Fairness and relevance of the CCT

Over 75% of candidates who completed the online survey agreed that the exam cases were relevant to daily general practice, and were fair. While 94% of survey responders agreed that the exam covered a wide knowledge base, just over half (53%) agreed that the CCT covered a range of physical examination skills.

Exam preparation

The majority of responders (86%) believed that practice sessions with their peers best prepared them for the CCT. In addition to peer-group learning, participants also used online resources to support their learning, with 86% of responders reporting that websites external to the ICGP website were useful in preparing for the CCT exam. However, tutorials provided by GP vocational training schemes and GP trainers were considered less useful.

Organisation of the CCT

The majority of responders (90%) agreed that the CCT examination was well organised and ran smoothly. Invigilators were generally considered to be helpful (89%), however a minority of candidates (12%) felt that examiners could be more helpful in guiding them through the CCT process. This finding also emerged in the qualitative analysis of the free-text comments:

‘Some examiners were friendly, others were very blunt and unfriendly, they wouldn't even look at you. This is somewhat off-putting. They could at least acknowledge your existence. Some of them never even said goodbye ... ’

Authenticity of the CCT

Sixty-nine percent of participants found the actors to be realistic, akin to real patients sitting in front of them. However, candidates did comment that the actors appeared to have been asked to 'hold back' at times and not share information unless asked. Candidates suggested that in real clinical practice patients were more likely to share information more readily.

Stress

Ninety percent of responders agreed that the CCT was stressful and 74% agreed that it was an intimidating method of assessment. Stress emerged as a major theme in the qualitative analysis of the free-text comments, with a number of participants reflecting on the stress the exam caused them. Waiting for the exam to commence was identified as a particular source of stress by a number of candidates. For many others, the biggest stressor was the need to complete paperwork within the allotted 10 minutes.

There was a perception that the level of stress induced by the exam may 'negatively impact on candidate performance'. However, other candidates reflected that although the exam was stressful, this actually increased the authenticity of the exam as a real-life session in general practice is often stressful:

‘I found the situation to be very challenging and intimidating at times. In reality, these are the real challenges of general practice ... ’

Cost of the CCT

The majority of candidates (68%) felt that the cost of sitting the CCT exam was unreasonable. Eighty-nine percent agreed that the full cost should be reimbursed and not just partially refunded, as it currently is. Dissatisfaction with the cost of the exam and the process of reimbursement also emerged as a theme in the qualitative analysis of the free-text comments:

‘The cost to the candidate is too much upfront, waiting for reimbursement can be frustrating and seems pointless. Money going round in circles essentially ... ’

Timing of cases

There was negative feedback from the majority of candidates (66%) regarding the 10 minutes allocated for each case. In the free-text comments participants further elaborated on the reasons why they felt the time provided was insufficient. Participants felt that the need to include written prescriptions and referral letters within this allocation was unrealistic and not reflective of their current clinical practice:

‘In real life many of us write our referral letters after the consultation or later in the day when we have more time, so that we can keep up with appointments ... ’

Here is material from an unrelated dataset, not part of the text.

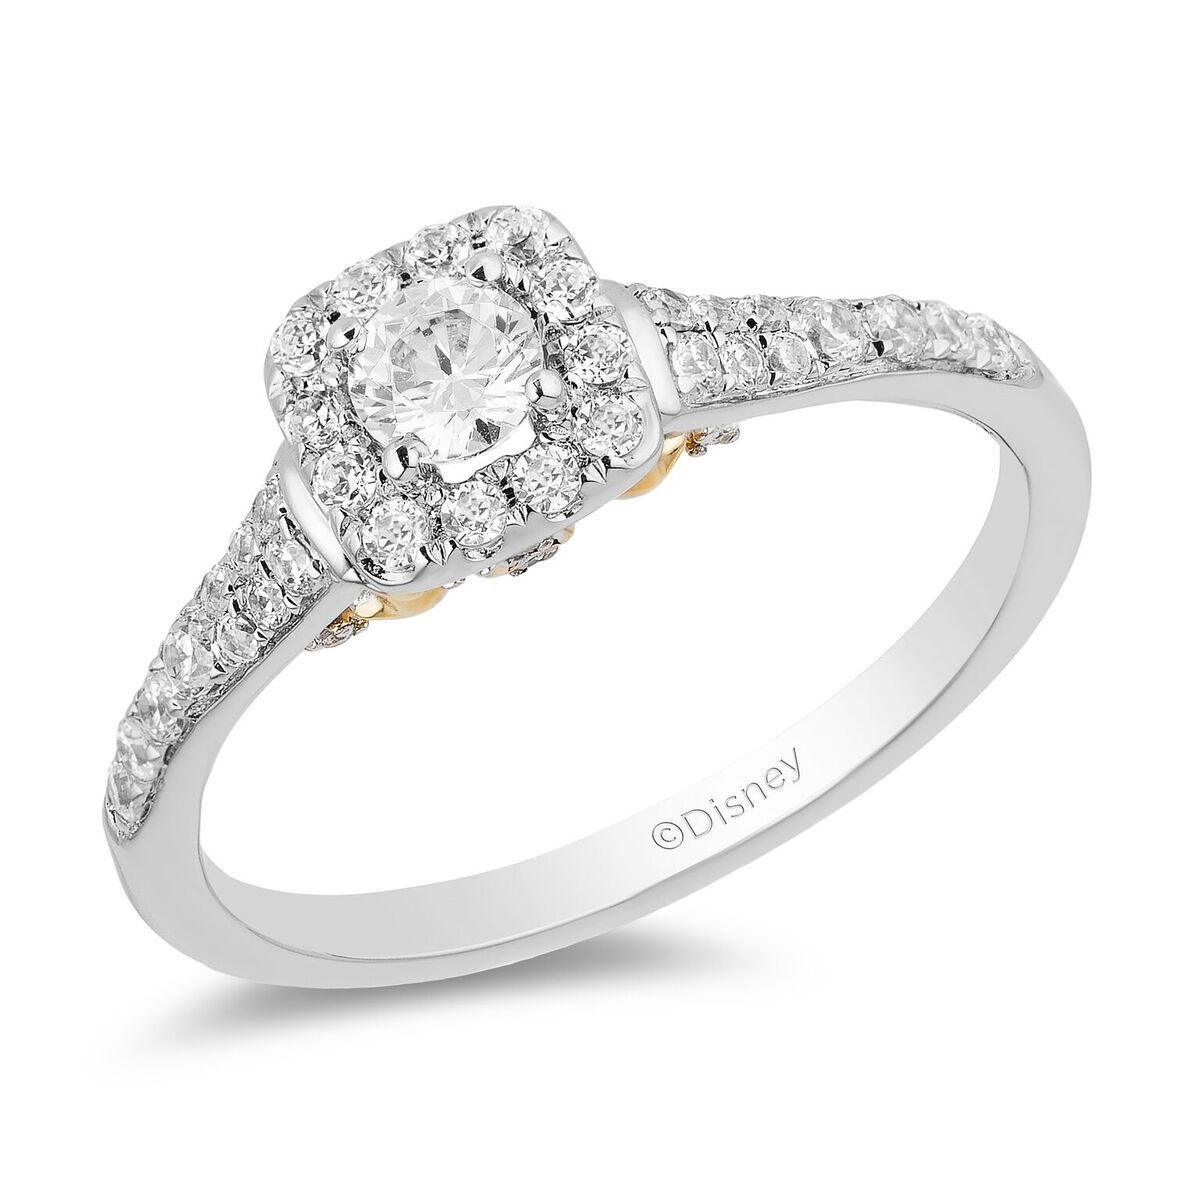 H.Samuel Disney jewellery collection

In Ireland, the standard consultation time varies from practice to practice but typically ranges from 10–15 minutes. A number of candidates suggested increasing the allotted time to 12–15 minutes per case, as this would be ‘more comparable to our day to day practice to wrap up, follow up, and safety netting ... ’

Educational impact

For most candidates there was a perception that undertaking the CCT has improved their consultation skills (80%) and their confidence as a GP registrar (68%), and that preparing for it highlighted areas of weakness in skills and knowledge (63%).

Discussion

Summary

These findings indicate that candidates deem the CCT to be a fair, acceptable examination, relevant to daily practice; however, concern was raised about the financial and psychological impact of the exam. Candidates found that the examination was run efficiently, with accomplished role-players and unobtrusive, if not overly helpful, examiners. Candidates were challenged by time management restrictions and found the assessment to be stressful and expensive. Candidates considered the CCT to be a comprehensive assessment of knowledge and consultation skills, though perhaps not of physical examination skills. Despite this, there was broad acceptance that participation in the CCT had a positive educational impact.

Strengths and limitations

For pragmatic reasons, the second focus group was held via teleconference. While teleconferencing is recognised as a feasible method of data collection for interviewing geographically dispersed, busy individuals,27 facilitators are unable to pick up and respond to potentially valuable non-verbal cues.28 Interaction within the group is a key aspect of a focus group, to foster rich discussions and sharing of experiences. A focus group via teleconference has the potential to limit this interaction. However, the participants of the focus group were all part of the same GP training class. As they were a pre-existing group, they enjoyed a comfort and familiarity with each other which facilitated discussion and the ability to challenge each other comfortably.29 The authors feel that this overcame some of the potential limitations of using teleconferencing to conduct the second focus group.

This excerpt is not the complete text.